Puig did manage a hard-hit line-drive single in Friday’s game, but it wasn’t enough to keep him in the lineup on Saturday.

If nothing else, Mattingly doesn’t want Puig’s struggles getting the best of him early in the season.
“He’s just getting more frustrated it seems like, as it goes along. I just don’t want him to get there, honestly,” Mattingly said. “It’s like anybody else that’s searching for that feel right now. And that changes on any at bat. That’s why I’m glad he got a hit yesterday.”

Mattingly doesn’t sound worried Puig will eventually break out.

“He’s getting some pitches to hit. He’s fouled some balls back. He’s had some good swings he hasn’t gotten a hit on too.,” Mattingly said. “I don’t think it has anything to do with the pitching it’s more like how he’s feeling. When he gets going it’s not gonna matter.

“I just think getting the feel. ‘m not really worried about patience. Once Yasiel starts getting that feel then he’ll be on a roll.”

Another Cuban on Dodgers’ horizon?

The Dodgers might not be done turning to Cuba to bring in reinforcements.

After signing Cuban third baseman Hector Olivera recently for $62.5 million over six years, and adding him to previous Cuban imports in pitcher Onelki Garcia, second baseman Alex Guerrero and outfielder Yasiel Puig, there is growing belief they are now targeting hard-throwing Cuban right-hander Yadier Alvarez.

According to a report by Jon Heyman of cbssports.com, the Dodgers have extensively scouted Alvarez, with team president Andrew Friedman traveling to see him in the Dominican Republic, where Alvarez has established residency.

According to Heyman’s report, Alvarez, throws 94-97 mph but has hit 99. Alvarez is petitioning MLB to allow him to sign in this signing period rather than wait until July 2, although there is no word yet on whether his petition will be approved.

If it is, the Dodgers might soon be adding a young arm to their organization. According to a recent story by Yahoo Sports, Alvarez is a 6-foot-3, 175-pound 18-year-old who burst onto the international prospect scene upon blowing scouts away in the Dominican Republic.

The Dodgers, it seems, have taken notice.

Mattingly can relate to Gonzalez home run streak

MATTINGLY CAN RELATE TO GONZALEZ HOT STREAK
Dodgers first baseman Adrian Gonzalez took a 3-game home run streak into Friday’s game against the Diamondbacks – five if you count the last two games of last season.

Mattingly can relate, having gone a Major League tying eight-straight games hitting a home run in 1987.

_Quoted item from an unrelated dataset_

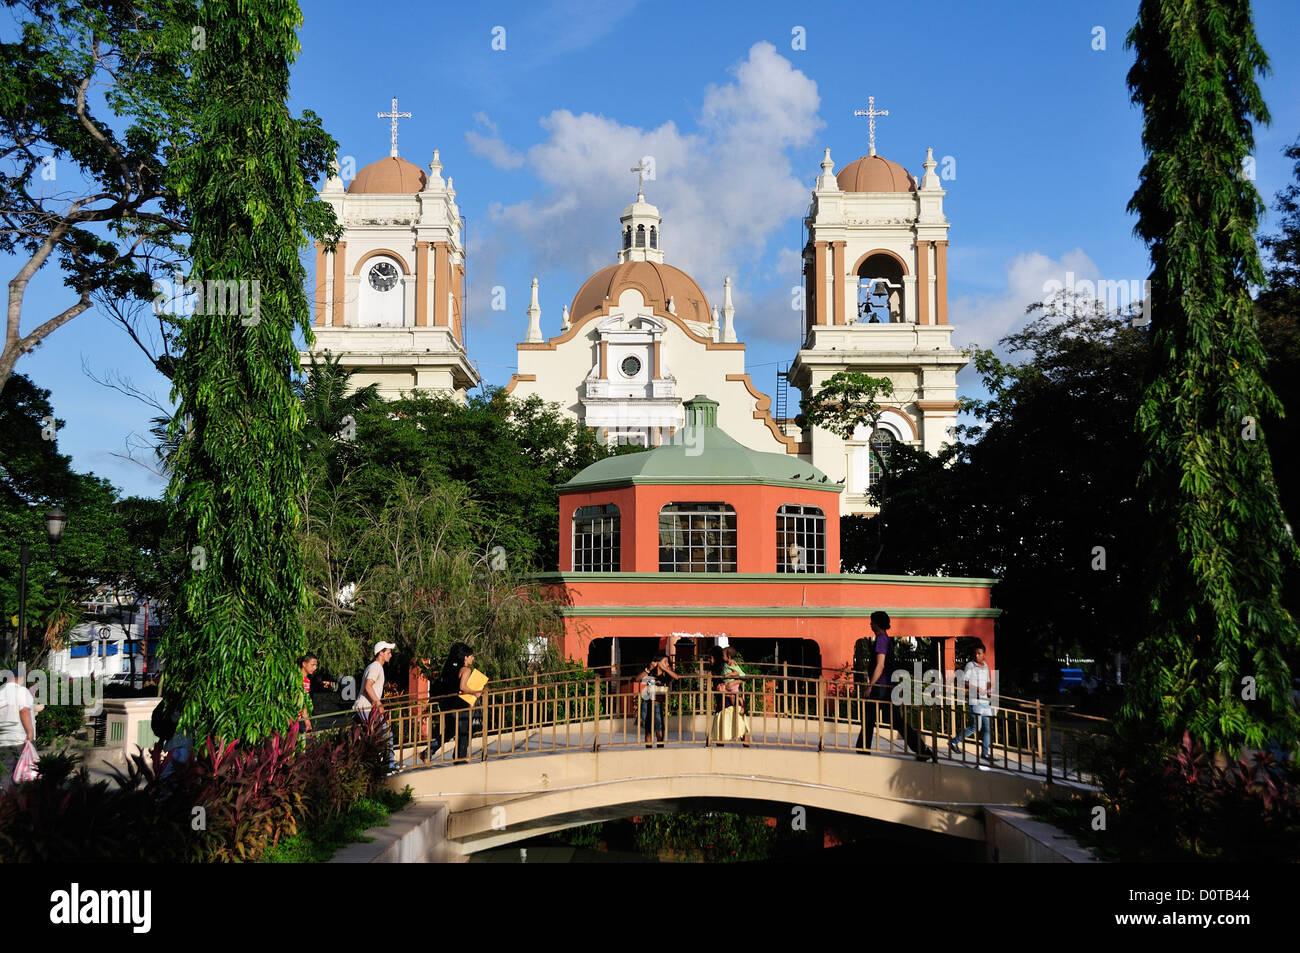 San Pedro Sula, Parque Central, Cathedral, church, Central America, Honduras, Stock Photo

“It’s pretty good. It wasn’t bad,” Mattingly said, recollecting his hot streak. “Didn’t hate it.”
What he remembers most was how bad he was swinging the bat just before getting hot.

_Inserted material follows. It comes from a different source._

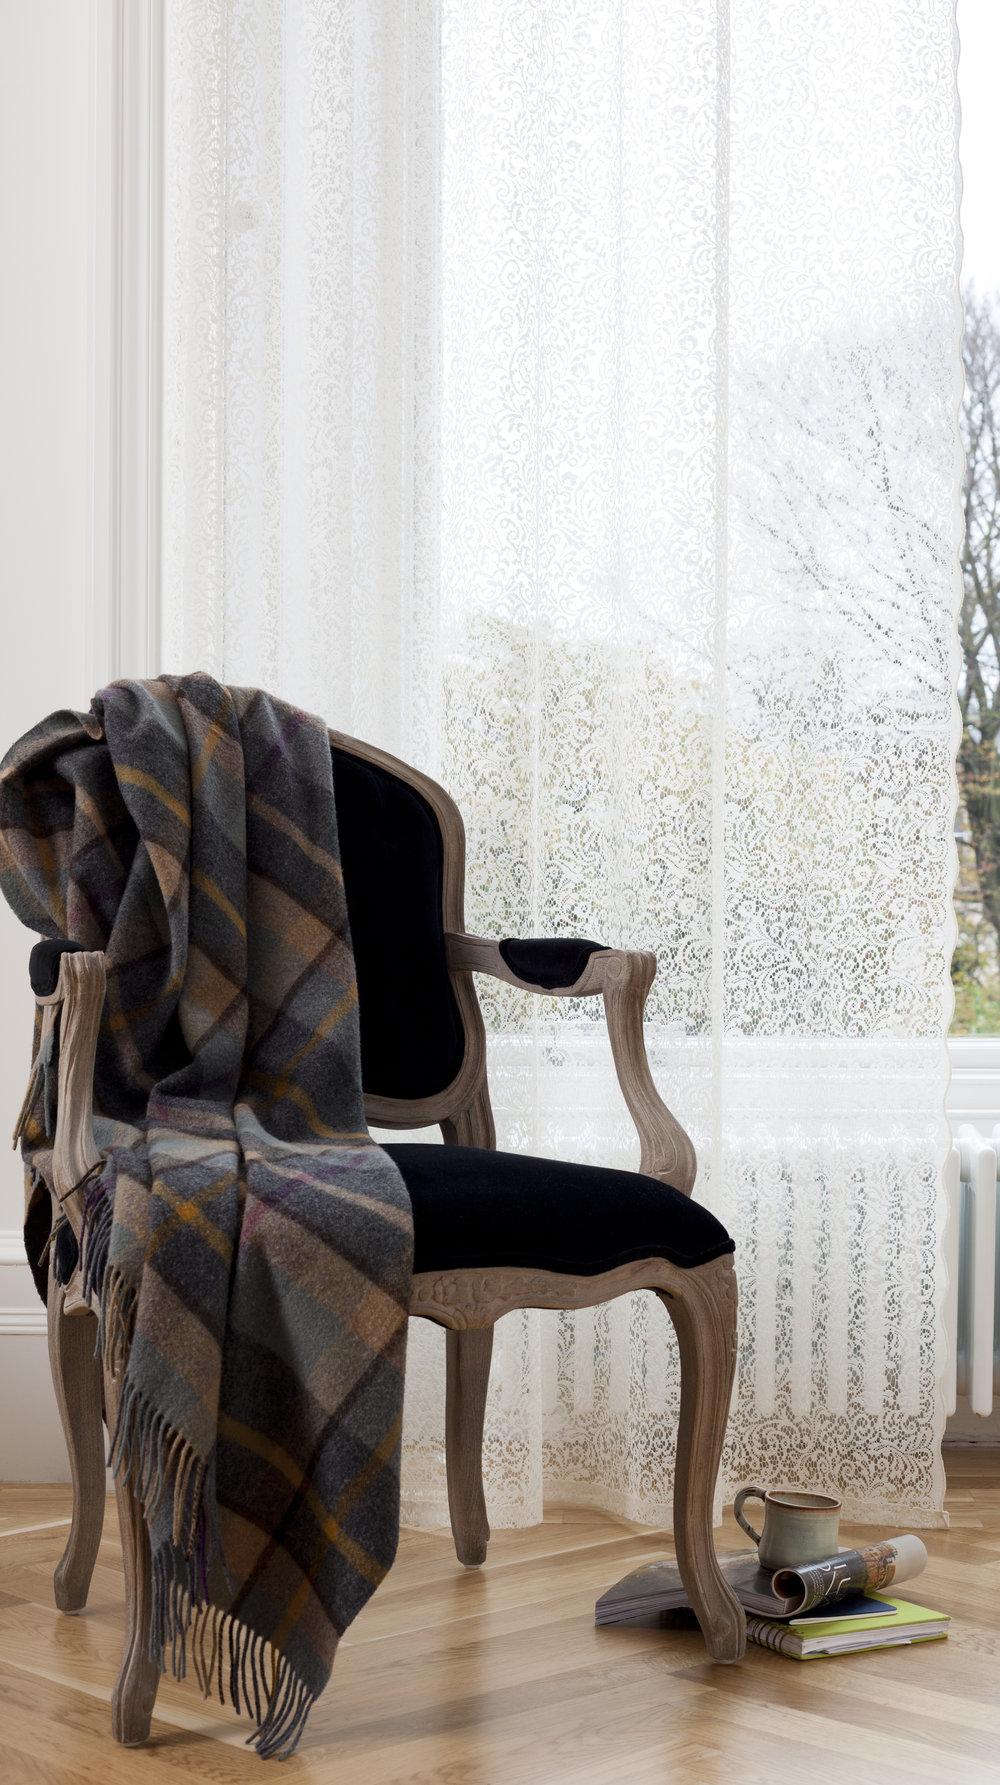 Anna Wilson Interiors Blog - MYB Textiles - lace panel .JPG

“I was really struggling before that started,” Mattingly said. “They brought (Bobby) Murcer in just to talk about things. He just said, ‘hey just try this little simple thing.

“He wanted me to just sit, stay there. Simplify everything.”

And away he went.

“You’re just riding it. You’re feeling really good at the plate,” Mattingly said “You’re not worried about homers. You’re just feeling good at the plate. You just want to keep hitting the ball hard.”

Incidentally, Mattingly cleared up what Gonzalez said about not being a power hitter.
“I think he said he’s not a home run hitter. I think he’s all Adrian’s saying he’s not up there trying to hit home runs, he’s basically just trying to get good pitches to hit and hit the ball hard. He’s a good hitter, period. He uses the whole field. He’s just a good hitter.”

And he can relate.

“I never looked at myself as a home run hitter,” Mattingly said. “I know I hit some home runs but they come out of your swing. They come out of making good contact, getting the right pitch. You can’t really…it’s hard to try to do that.”

Mattingly thinks Gonzalez is a better hitter.

“He’s different than me. He’s better than me,” Mattingly said. “He’s gonna be better, longer. He’s smarter. He doesn’t overwork. He takes care of himself. He’s good.”